The Finnish Financial Supervisory Authority (FFSA) has adopted a strict policy with respect to delays in the obligation to notify the acquisition or disposal of major shareholdings and voting rights in Finnish listed companies.
According to the Finnish Securities Markets Act, implementing the EU Transparency Directive (2004/109/EC, as amended), shareholders in Finnish listed companies are obliged to notify the FFSA as well as the listed company of changes in shareholding and voting rights when the holding reaches, exceeds or falls below 5, 10, 15, 20, 25, 30, 50, 66,7 (i.e. 2/3) or 90 per cent of the voting rights or the numbers of shares held in the listed company. The disclosure obligation applies also to investment fund management companies and portfolio managers who may exercise voting rights on a discretionary basis with respect to shares held on behalf of the fund or client. Such holdings must be aggregated on a group level, unless a specific aggregation exemption has been obtained from the FFSA.

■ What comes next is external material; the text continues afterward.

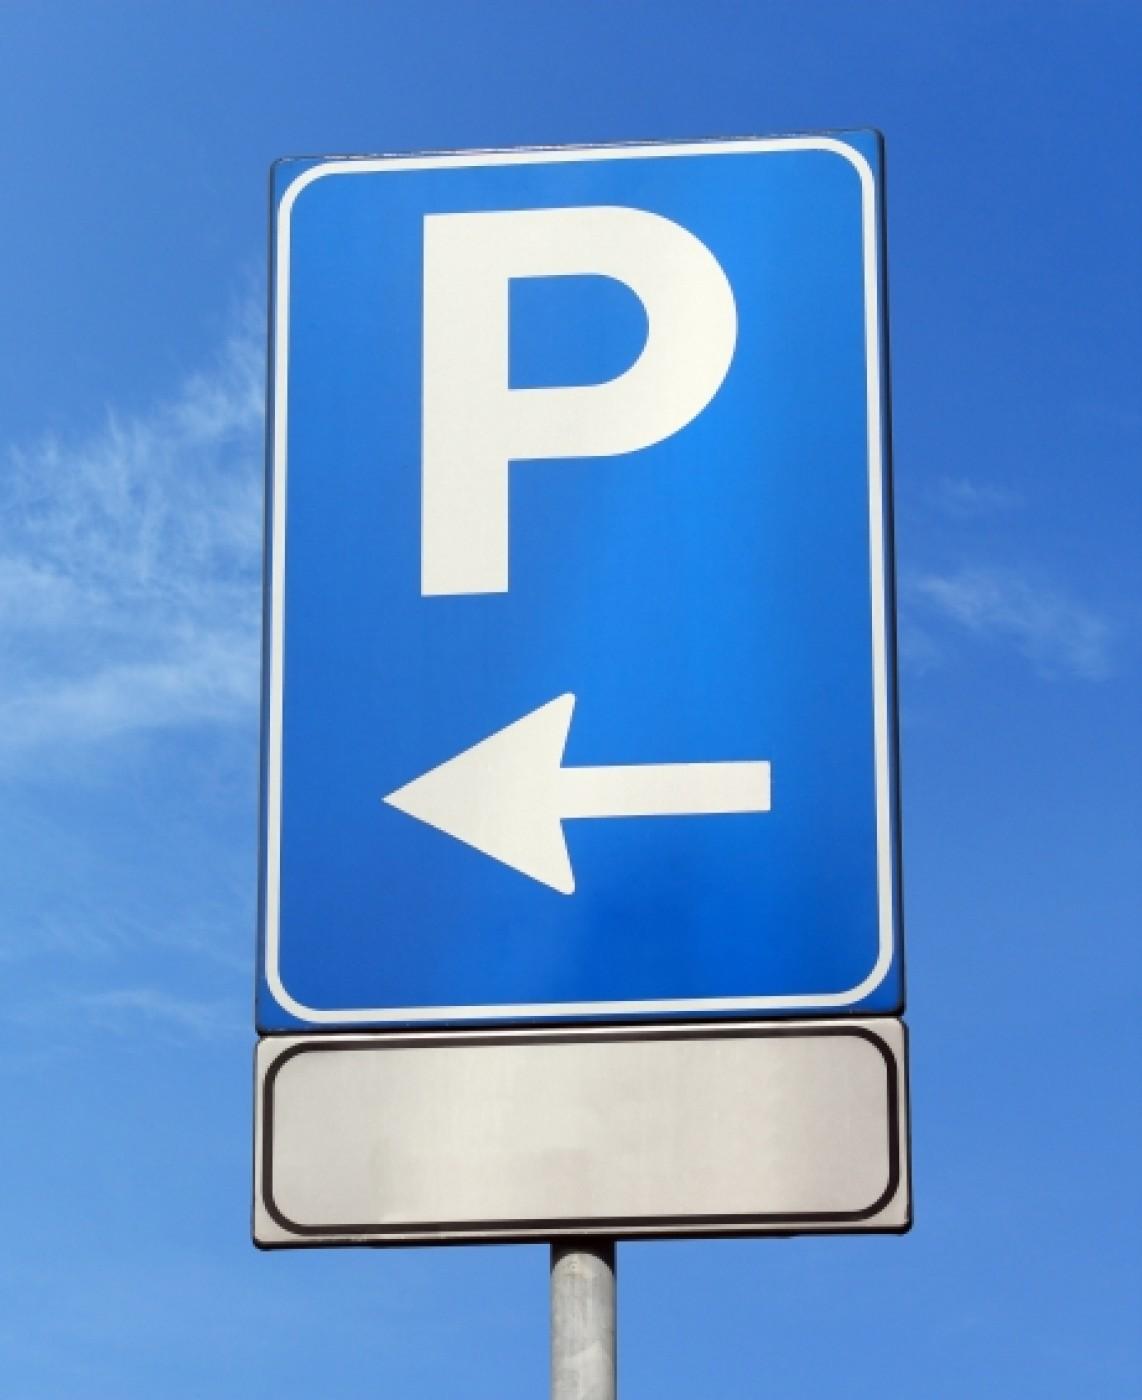 Alicante-Elche airport parking with We Park ALC

The disclosure must be made without undue delay and at the latest on the following business day from when the shareholder became aware or ought to have become aware of the change in the shareholding or voting rights. The disclosure provision is designed to ensure that shareholders have access to information on the ownership and policy structures of the listed company and any changes therein. Disclosures also provide the shareholders with information on, for example, the liquidity of the company’s stock and any changes therein. Failure to disclose changes in the shareholding or voting rights is subject to a public reprimand or administrative fines of up to EUR 100,000 for legal persons and EUR 10,000 for natural persons.
The FFSA has this year so far disclosed seven instances where the shareholding disclosure was unduly delayed. The delays in the shareholding disclosure ranged from 11 business days to 16 months. In the majority of the cases the FFSA imposed administrative fines between EUR 5,000 – 20,000. In two instances the FFSA issued public reprimands instead of fines.
In light of the recent practice of the FFSA, it is evident that the FFSA has tightened the supervision of shareholding disclosure notifications and interferes actively when delays occur.